Durability and safety
What Celeriant guarantees, and the mechanism behind each guarantee. No slogans; every claim here is something you can reason about or test.
An acknowledged write is on stable storage
Before the leader acknowledges a write, the batch is fdatasync'd to disk on the leader and on the follower. Two machines have it on durable media before your call returns. Pull the power on either node, on hardware that honors flush, and the write is still there.
When the follower is down, the leader ships the batch to S3 instead, so an acknowledged write still lives in two places: the surviving node's disk and S3. You are never acknowledging a write that exists in only one volatile place. That degraded path puts an S3 write on the ack, so write latency rises until the follower rejoins; see Two-node cluster for the operational detail.
Direct I/O, because fsync can lie
Celeriant writes with Direct I/O and skips the kernel page cache. Buffered I/O can report a successful fsync and still lose the data when a later writeback fails; this is documented kernel behavior, not a hypothetical. Direct I/O avoids that whole class of silent loss.
It costs more per write, so the cost is amortized: concurrent writes are batched, and the batch is fsync'd and replicated once. See Performance.
Thread-per-core, so whole bug classes do not exist
Each core owns its shard and runs single-threaded. There is no shared mutable state across cores on the write path, so the data races, lock-ordering deadlocks, and torn updates that thread-pool databases spend their lives chasing are designed out of that per-core path.

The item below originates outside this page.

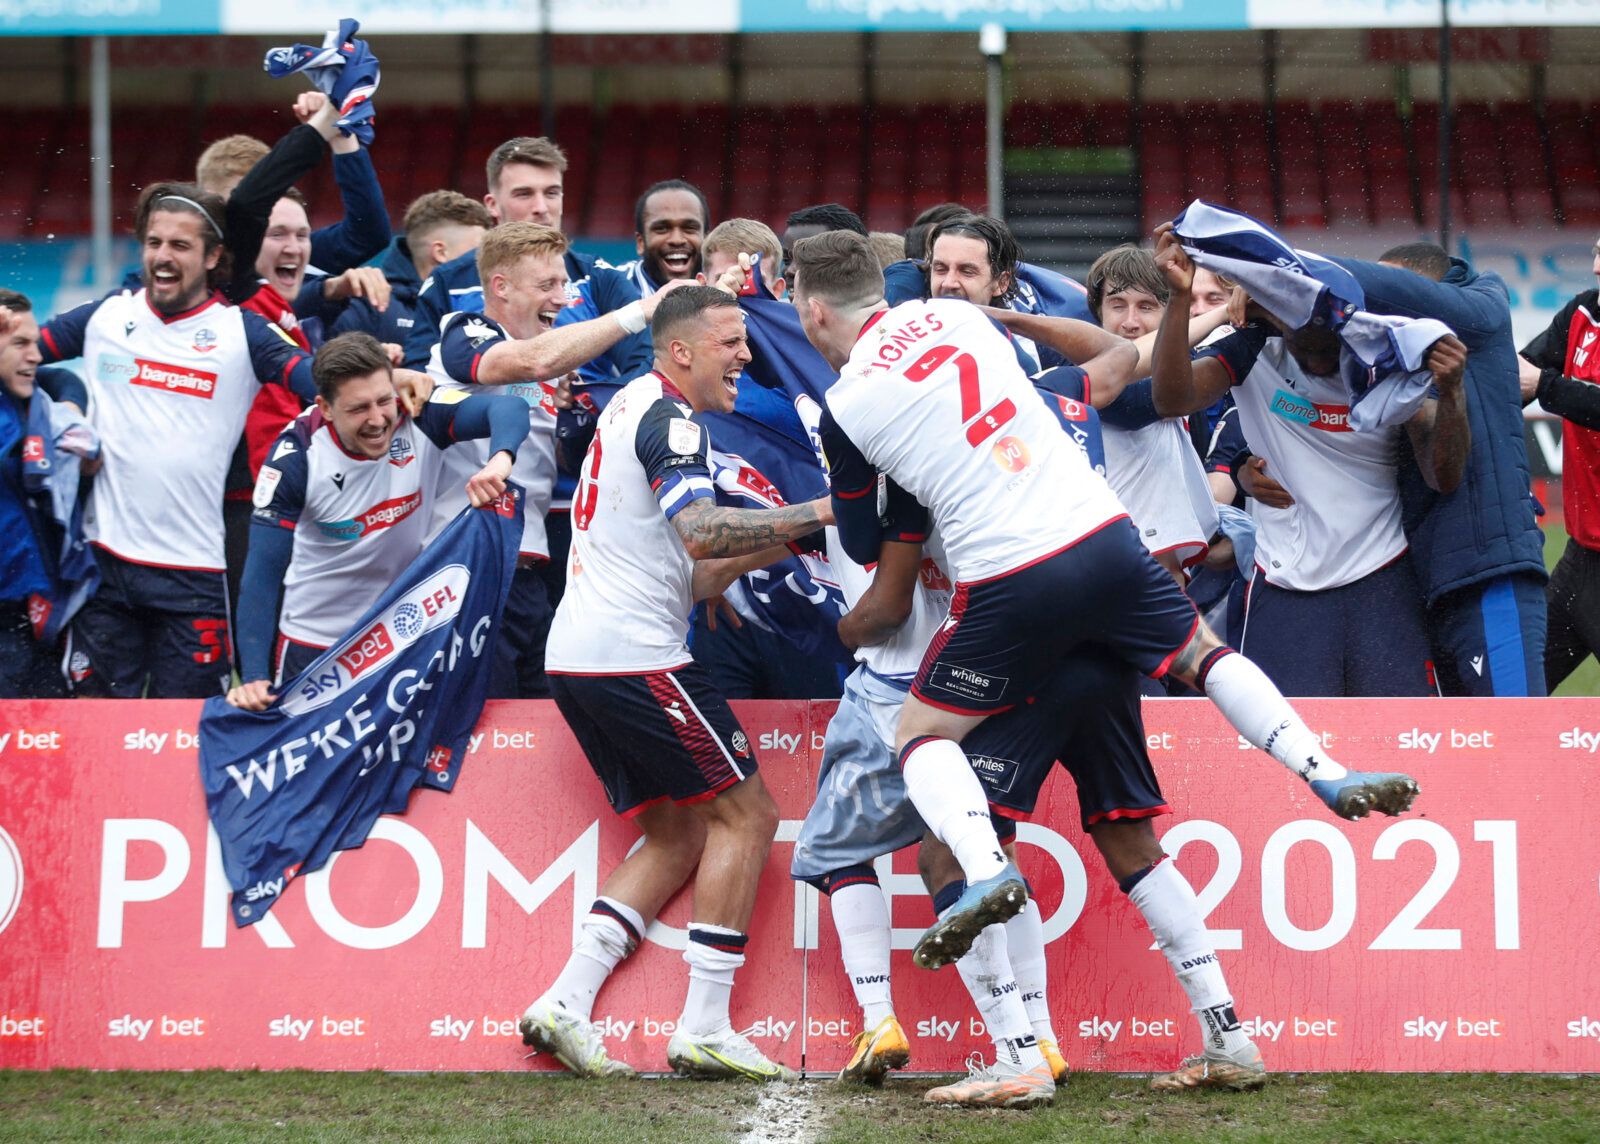 Soccer Football - League Two - Crawley Town v Bolton Wanderers- The People's Pension Stadium, Crawley, Britain - May 8, 2021  Bolton Wanderers players celebrate promotion to League One after the match Action Images/Matthew Childs EDITORIAL USE ONLY. No use with unauthorized audio, video, data, fixture lists, club/league logos or 'live' services. Online in-match use limited to 75 images, no video emulation. No use in betting, games or single club /league/player publications.  Please contact your

Fewer places to be wrong is itself a safety property.
Failover and its dependency
Leader election runs through an S3 conditional write that arbitrates a lease. Failover is a lease handoff, and it is off the write hot path. The honest dependency: a long S3 outage stalls failover, because that is where the lease lives. Acknowledged data is not at risk — it is fsynced on the surviving node's disk, and was either fsynced on the second node or written to S3 before the ack. The cluster cannot promote a new leader during an S3 outage, so writes pause until S3 returns or the existing leader recovers; reads keep serving.
Two failure modes are worth distinguishing:
- Leader dies, S3 healthy. The follower waits for the lease TTL to expire (
--lease-ttl-secs, default 30s), then CAS's the lease and takes over. Writes pause for that window. Demand-driven lease renewal on the leader keeps the TTL short when the cluster is healthy. - S3 unreachable, both nodes healthy. The current leader keeps serving; replication to S3 backs off, replication to the follower continues. If the leader then dies before S3 returns, writes are blocked until either node can reach S3 again.
Clock skew is the third edge: if the nodes drift beyond --max-clock-drift-ms, lease renewal can flap. NTP is not optional, it is on the dependency list.
Tamper evidence and encryption
Every event is hash-chained to its predecessor with BLAKE3, so any alteration of past events is detectable by recomputation. See The audit chain. Payloads can be encrypted per event with AES-GCM, client-side, so the server stores ciphertext it cannot read.
What it does not protect against
Durability is bounded by the envelope above: two nodes plus S3. Simultaneous, correlated loss of both nodes and S3 is outside it, as is anything upstream of the write (a bug that appends the wrong event is durably wrong). For disaster recovery beyond the cluster, see Backup and recovery.
These guarantees hold in the current pre-1.0 build. The cluster and failover internals can still change before 1.0.